In conclusion, this randomised trial demonstrates that in an area of high (ie, >15%) prevalence of CLA-resistant H pylori strains, LEV-containing ST is well tolerated and significantly superior to CLA-ST. Finally, LEV-containing ST is cost saving, decreasing the need for supplementary office visit, new eradication regimen and re-testing. We postulate that, because antimicrobial-resistant strains are becoming increasingly prevalent, LEV-containing sequential regimens might be used as first-line therapy in geographical areas with higher than 15% prevalence of H pylori CLA-resistant strains in order to improve the efficacy of H pylori eradication therapy and prevent the emergence of secondary resistance.
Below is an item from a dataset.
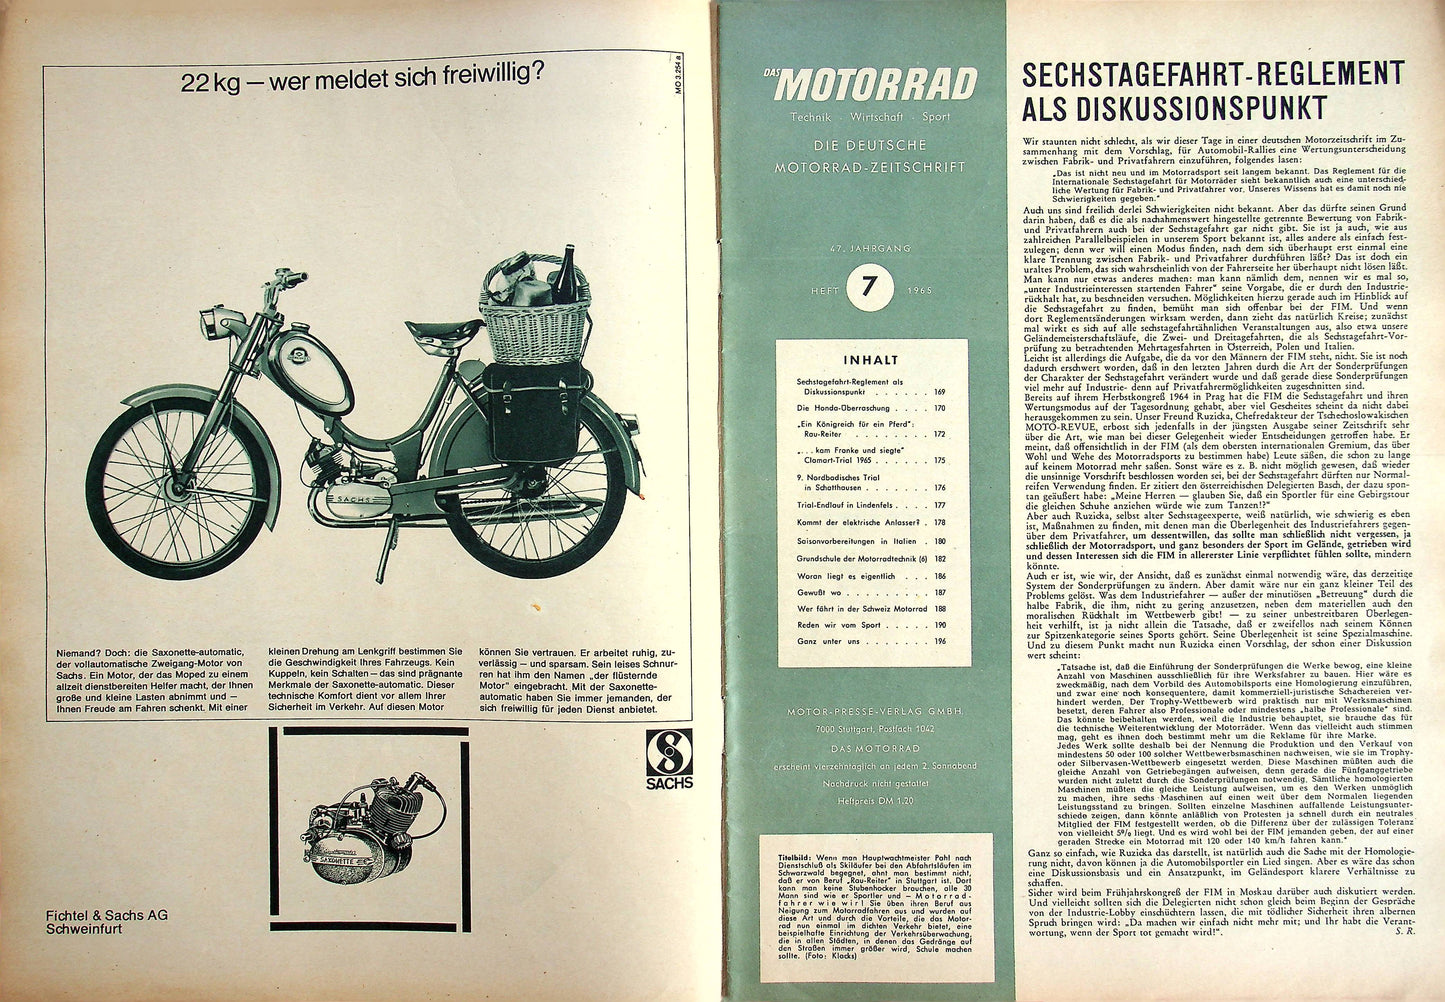 Motorrad 07/1965

However, it must be kept in mind that the main disadvantage with use of LEV-containing therapies is the rapid emergence of resistance to this antimicrobial and that in some part of Europe high prevalence of LEV-resistant strains has been described.35 Therefore, before recommending LEV-containing therapies as the first-line empirical choice, one must be confident that the local prevalence of LEV-resistant strains is low.
Competing interests None.
Ethics approval This study was conducted with the approval of the Ethics Committee of the Second University of Naples, Italy.
Provenance and peer review Not commissioned; externally peer reviewed.